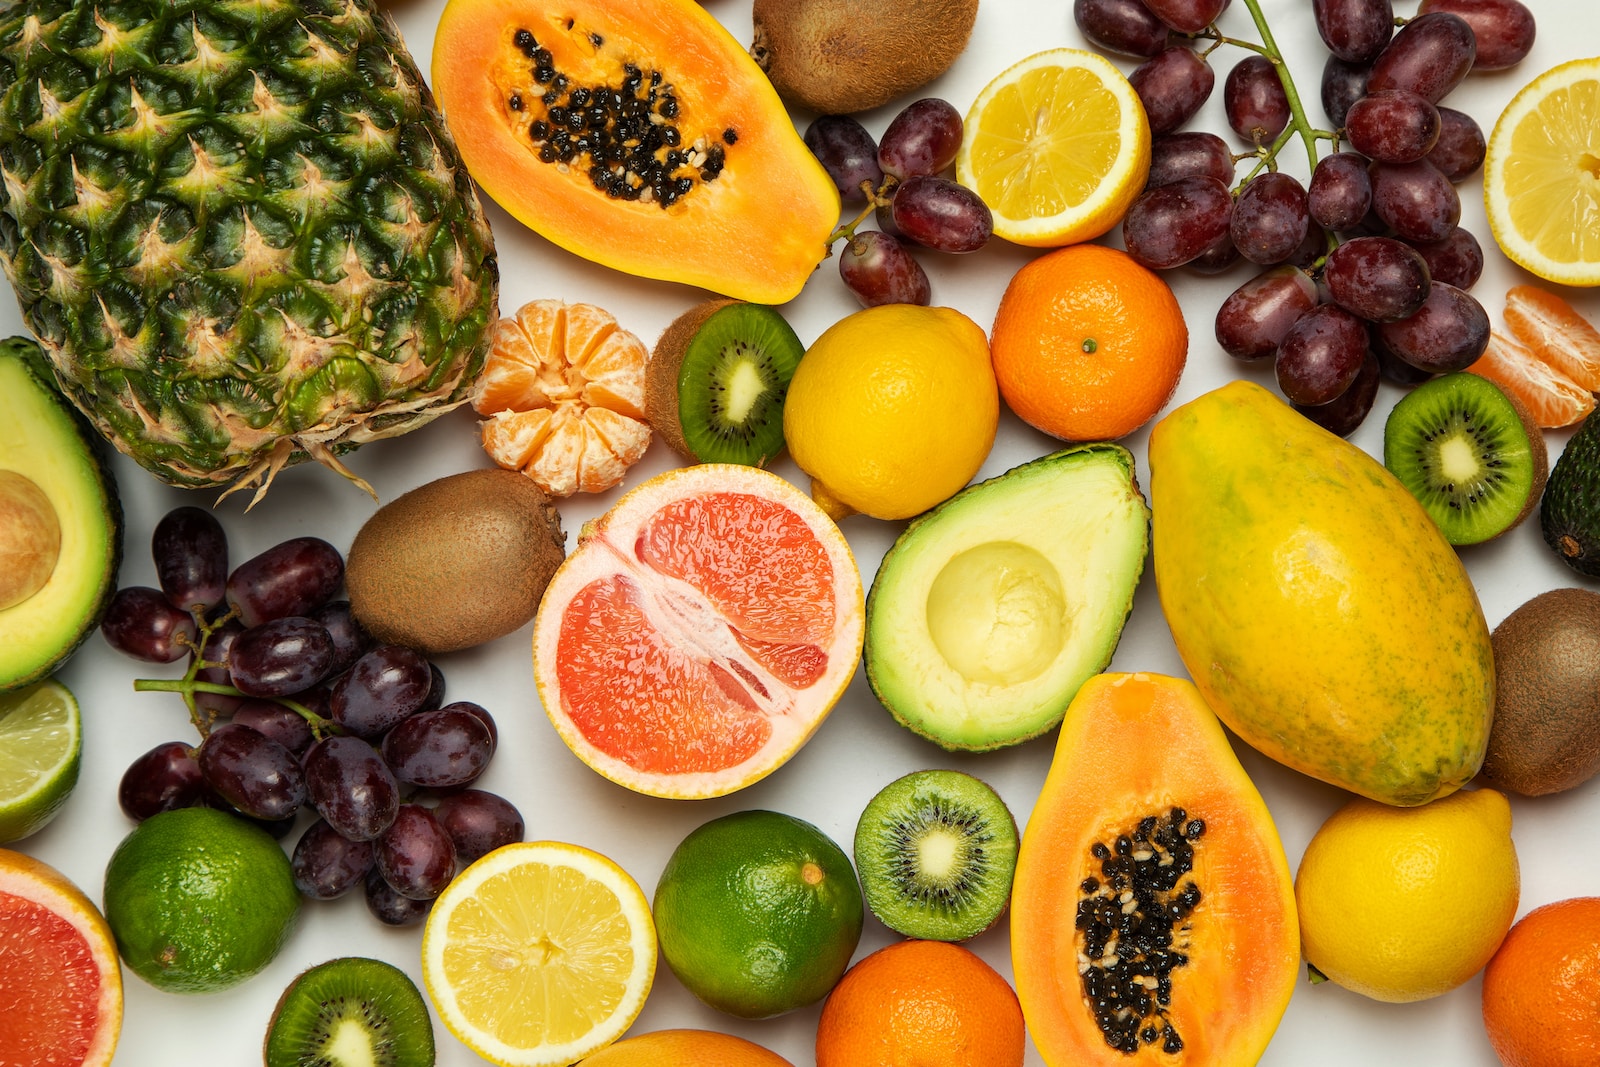 Top 5 Fruits to Boost Health and Immunity this Rainy Season
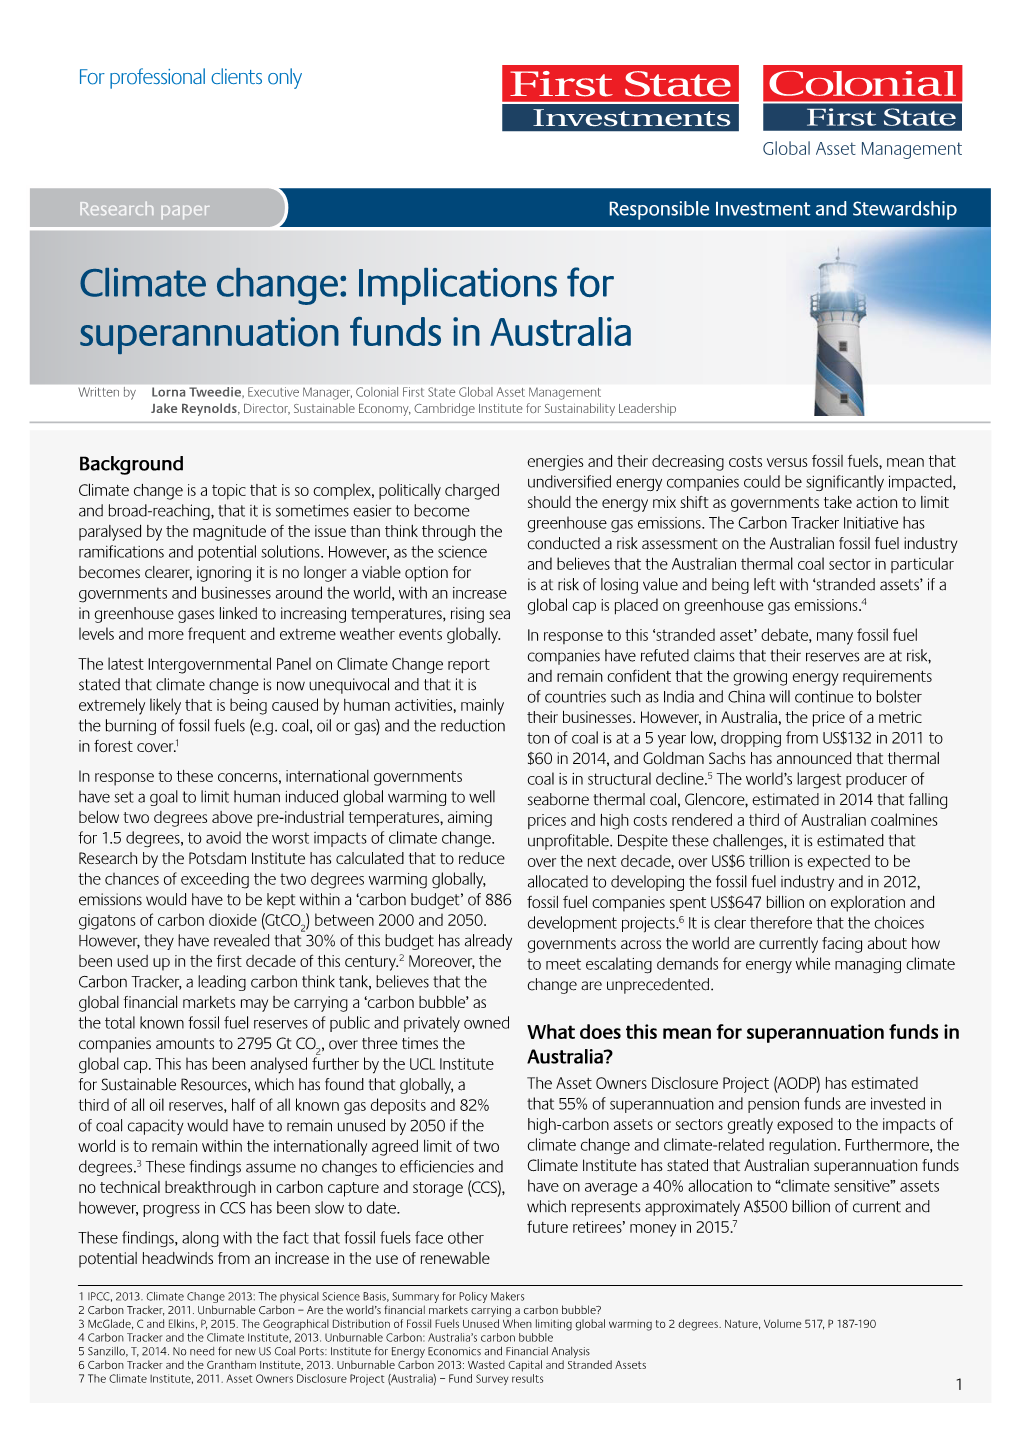 Climate Change: Implications for Superannuation Funds in Australia
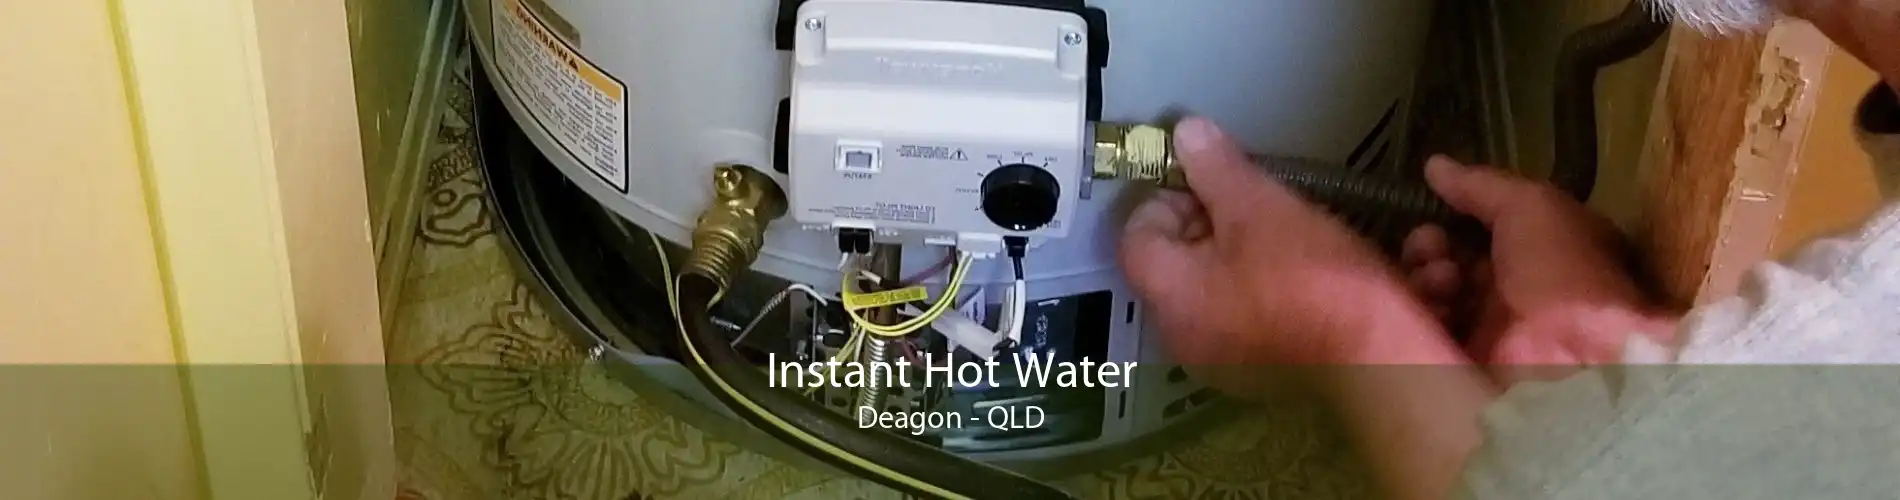 Instant Hot Water Deagon - QLD

— WHAT YOU NEED TO DO —
Repeat the data exactly, without the pictures.

— WRITTEN RESPONSE —
 Top 5 Fruits to Boost Health and Immunity this Rainy Season
 Climate Change: Implications for Superannuation Funds in Australia
 Instant Hot Water Deagon - QLD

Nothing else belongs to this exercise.